Reactor References: In the general case, multiple reactors can be involved in a single reaction. In a naïve approach, when a set of synchronously executing reactors Ci tries to extrude its scope to a new reactor Cj, if Cj is already involved in a reaction, Ci first waits for Cj to quiesce and accept Ci's request for scope extrusion. Ci then rolls back and both Ci and Cj start execution together as part of the same reaction initiated by the update bundle at reactor Ci. This operation is repeated until the scope has been extended to include all reactors that need to execute synchronously.

A less naïve approach will first statically compute the transitive closure of all the synchronously executing reactors based on the type information. The goal is to coordinate the order of rule evaluation with the order of locking. The program will therefore compute the global stratification for the statically computed reactor closure; any time there is a choice of rules to evaluate next, the program will choose the one that is consistent with the global stratification. This will make sure that positive information in relations is fully computed before evaluating its negation.

The program obtained by putting together the rules of all reactors Ck in a reaction will include remote references to relations in Ck. To make all remote references local we define the following transformation.
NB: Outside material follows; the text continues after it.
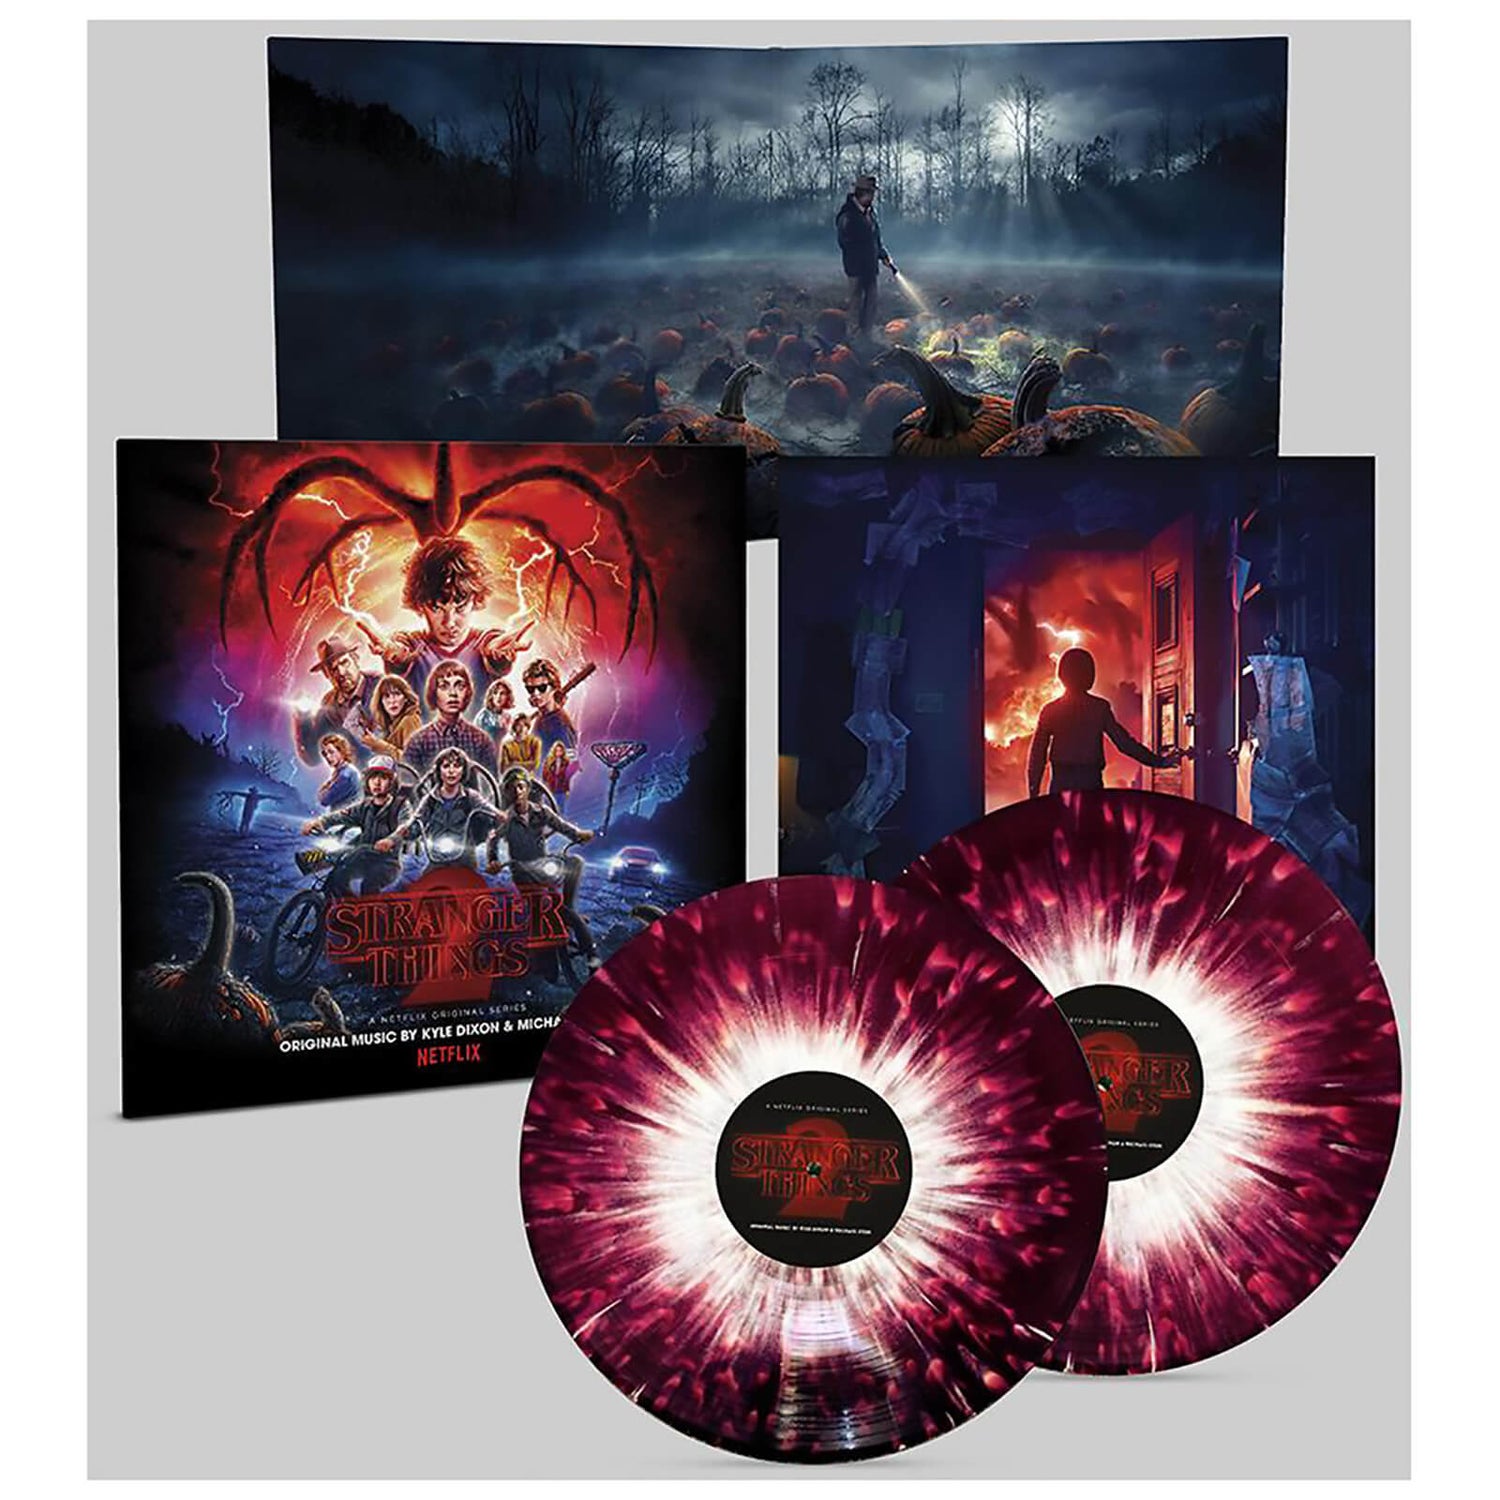 Stranger Things 2 (A Netflix Original Series Soundtrack) 180g 2xLP (Clear Crystal with Blue & White Splatter)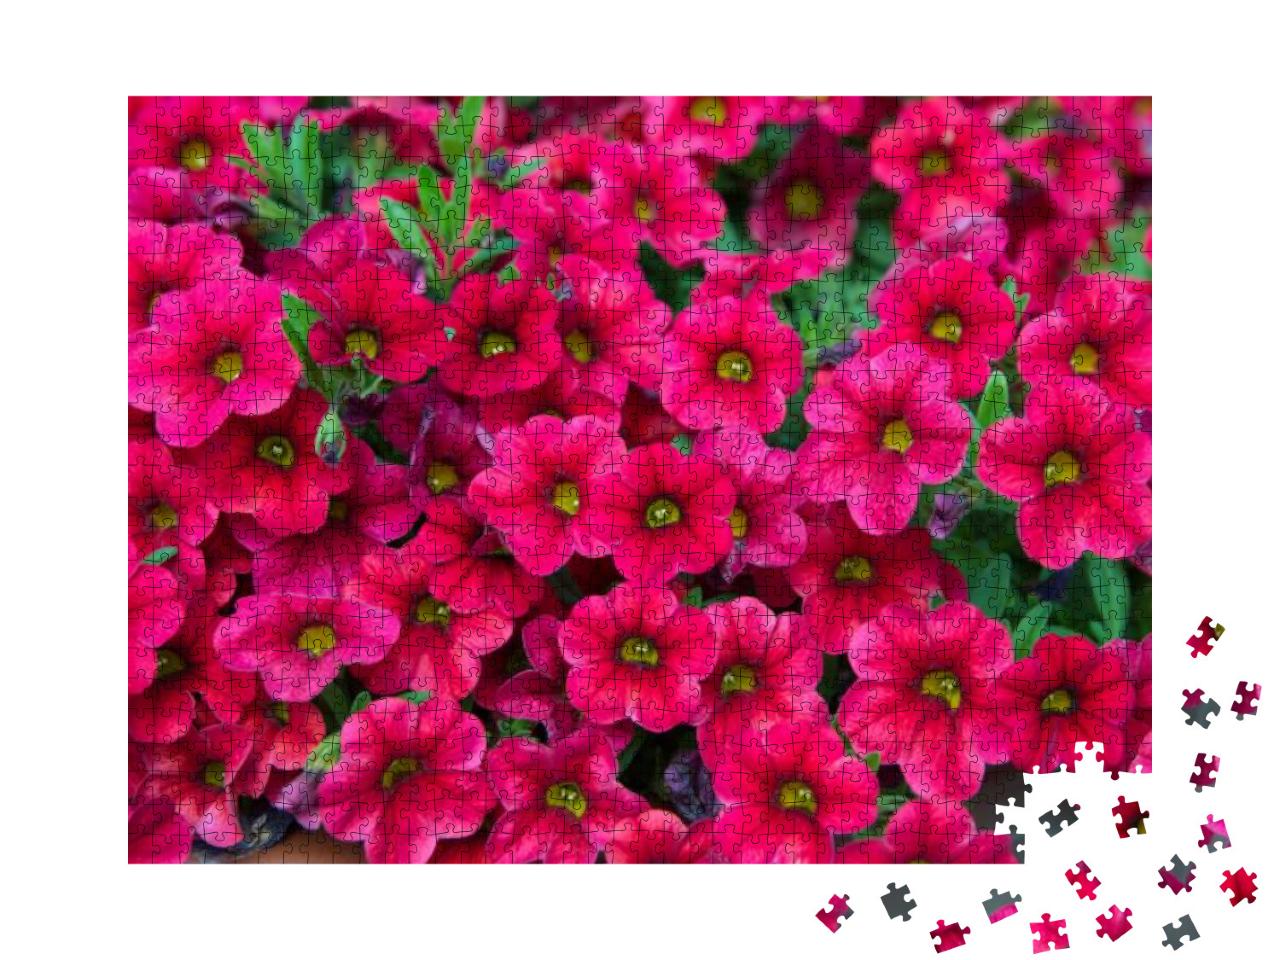 Petunia Plant with Pink Flowers, Petunia... Jigsaw Puzzle with 1000 pieces

For every relation r in a reactor, the reactor defines a shadow copy r{tilde over ( )} and an implicit rule of the following form:

r{tilde over ( )}(self, x)<-r(x)

Every remote reference c.r(x) to relation r can then be transformed into a local access to r{tilde over ( )}(c,x). At this point, the statically computed set of rules only includes local references, and statically computed set of rules is treated as one program to which we can apply the rewrite technique described above.

Implementation Issues: A reaction guarantees known ACID properties for all involved reactors vis-à-vis the environment. Specifically, (1) all involved reactors succeed or none do, (2) the response state of each involved reactor will satisfy all applicable rules upon commit, (3) reactors outside the reaction can only observe the response state and only after all involved reactors have committed, and (4) once all reactors have committed, the reaction will not be rolled back.

Given that a reaction blocks while waiting to obtain read and write access, deadlocks are possible. The optimistic locking regime mentioned herein would significantly alleviate the risk of this occurring as well as improve performance in general. The core Datalog queries are subject to aggressive optimization, and there is already a large body of research on incrementalization of Datalog queries.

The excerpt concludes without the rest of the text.